#### [YOUR GOAL]
The response should consist of every line below, restated exactly, with no pictures.

#### [SUPPLIED DATA]
'''
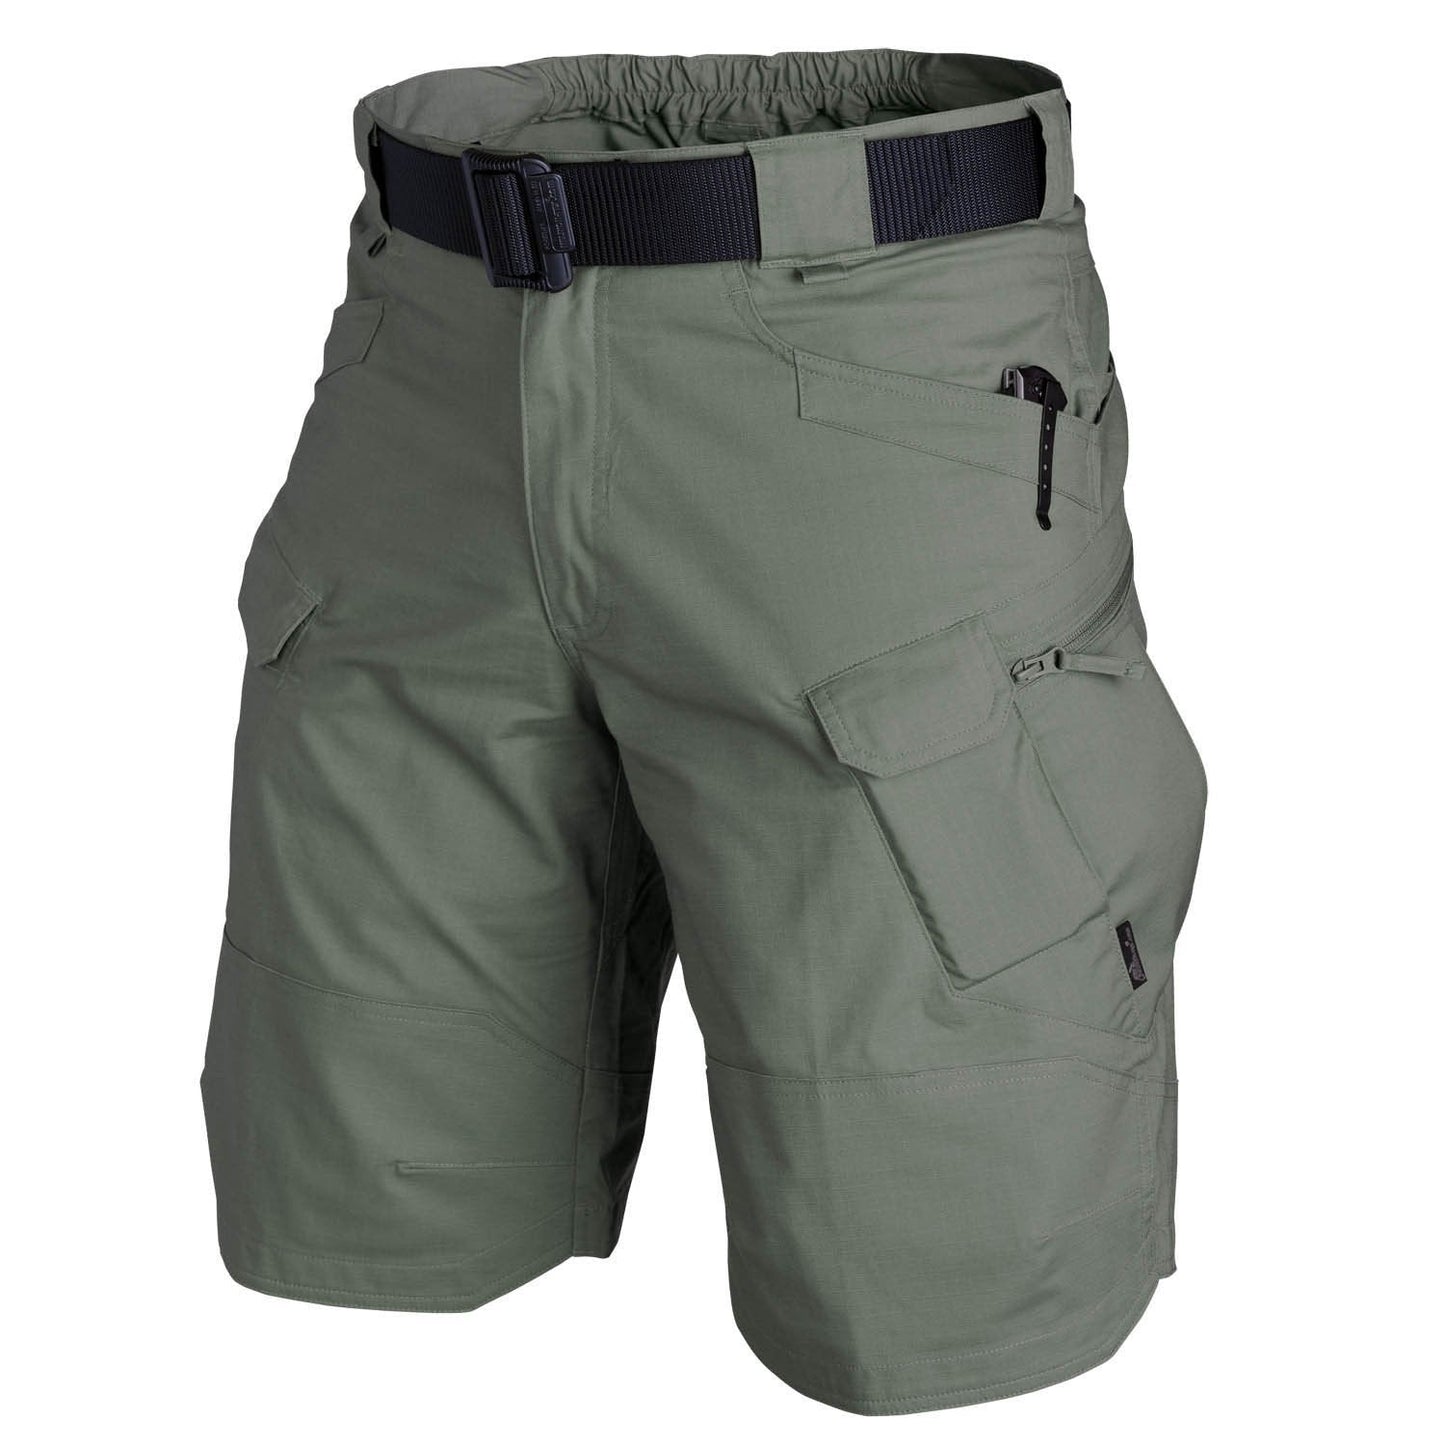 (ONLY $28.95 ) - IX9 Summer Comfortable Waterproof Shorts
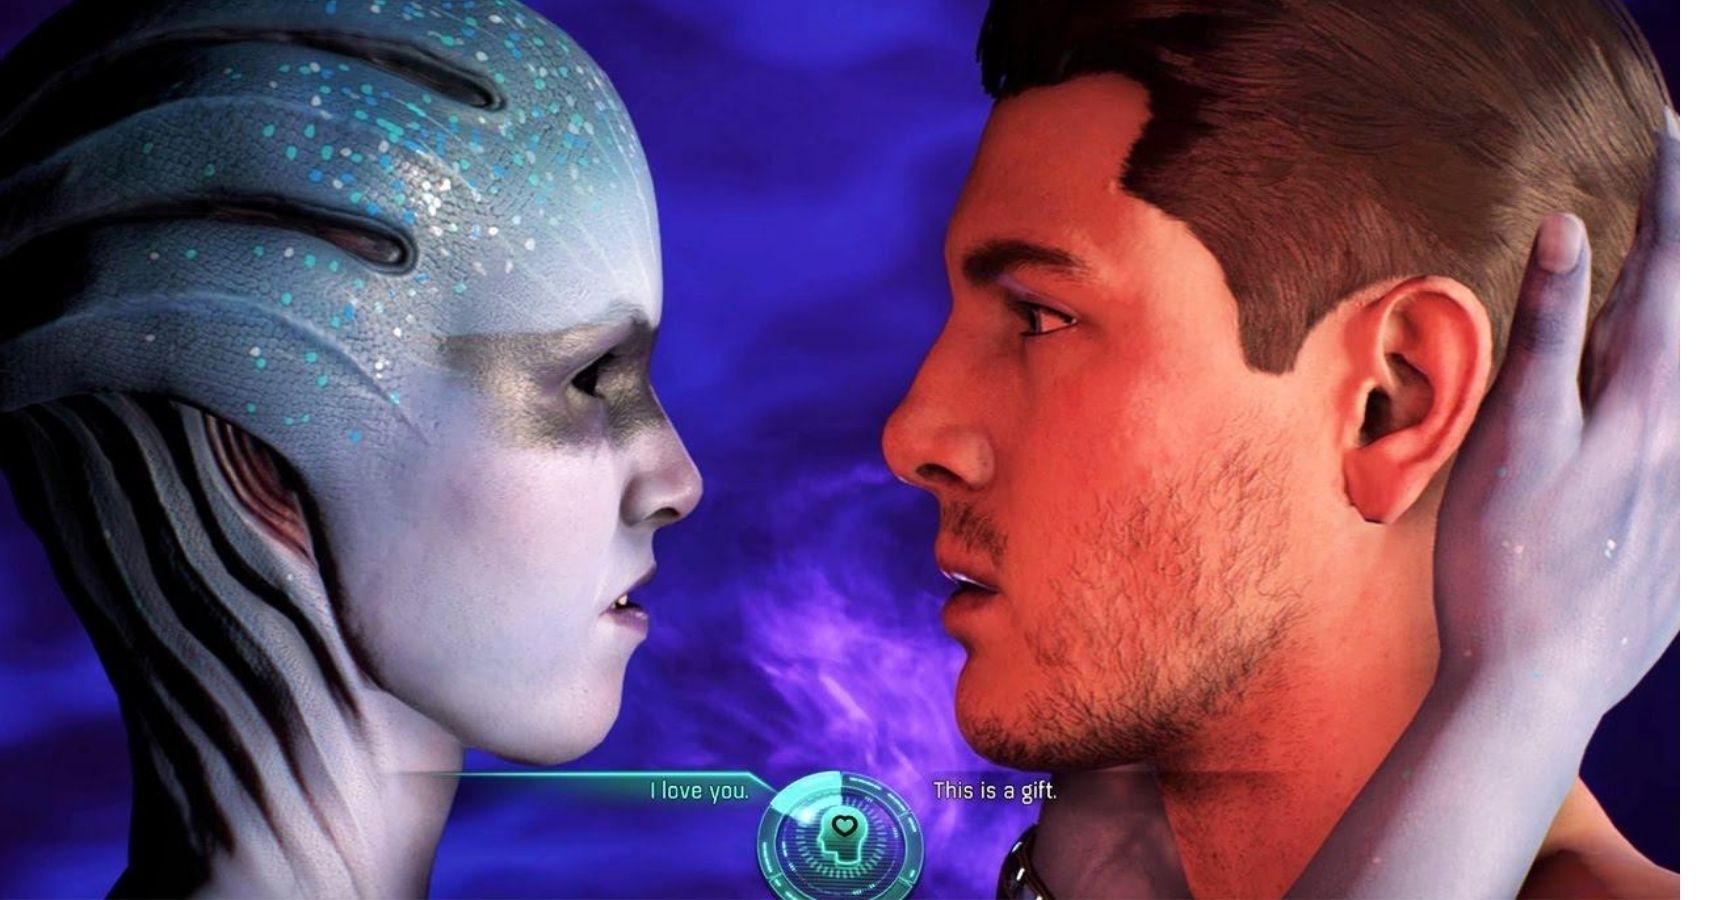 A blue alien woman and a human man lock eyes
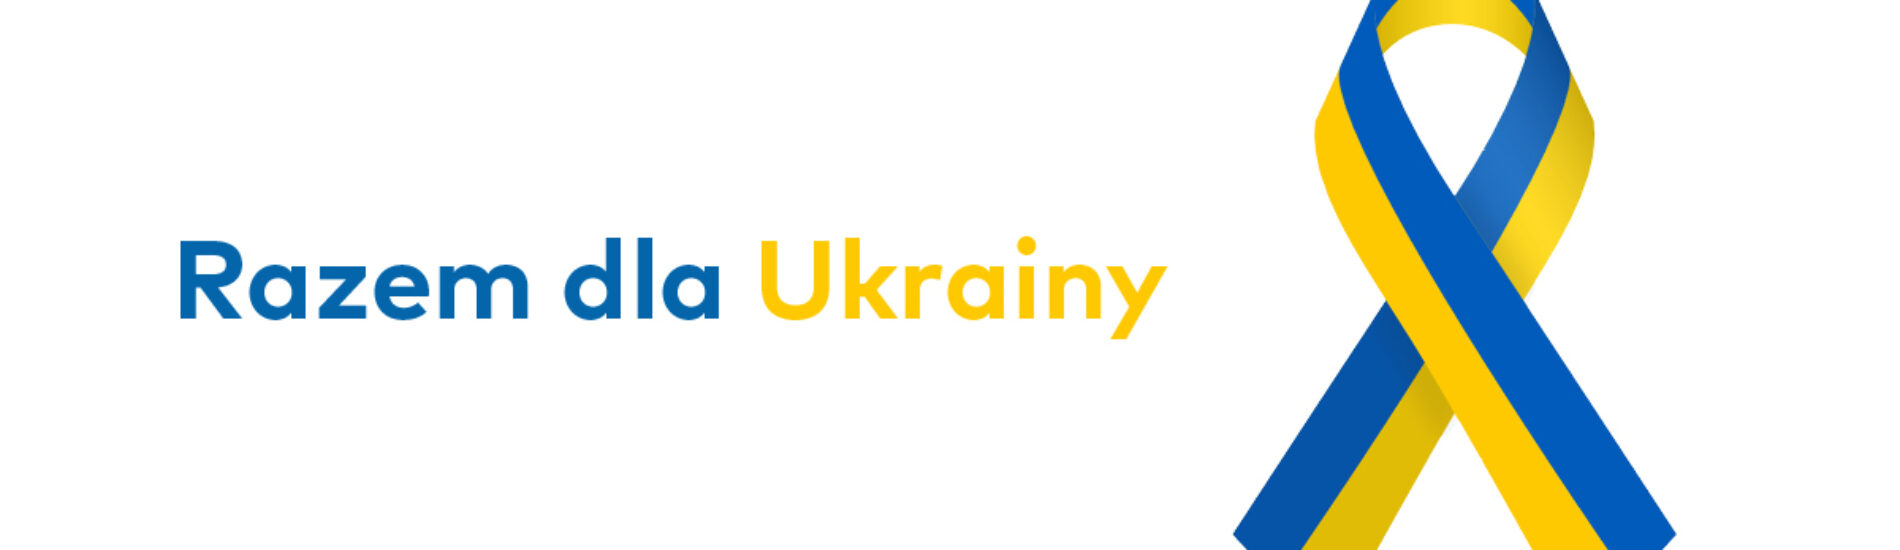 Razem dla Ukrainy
'''
#### [RESULT FOR THIS TASK]
 (ONLY $28.95 ) - IX9 Summer Comfortable Waterproof Shorts
 A blue alien woman and a human man lock eyes
 Razem dla Ukrainy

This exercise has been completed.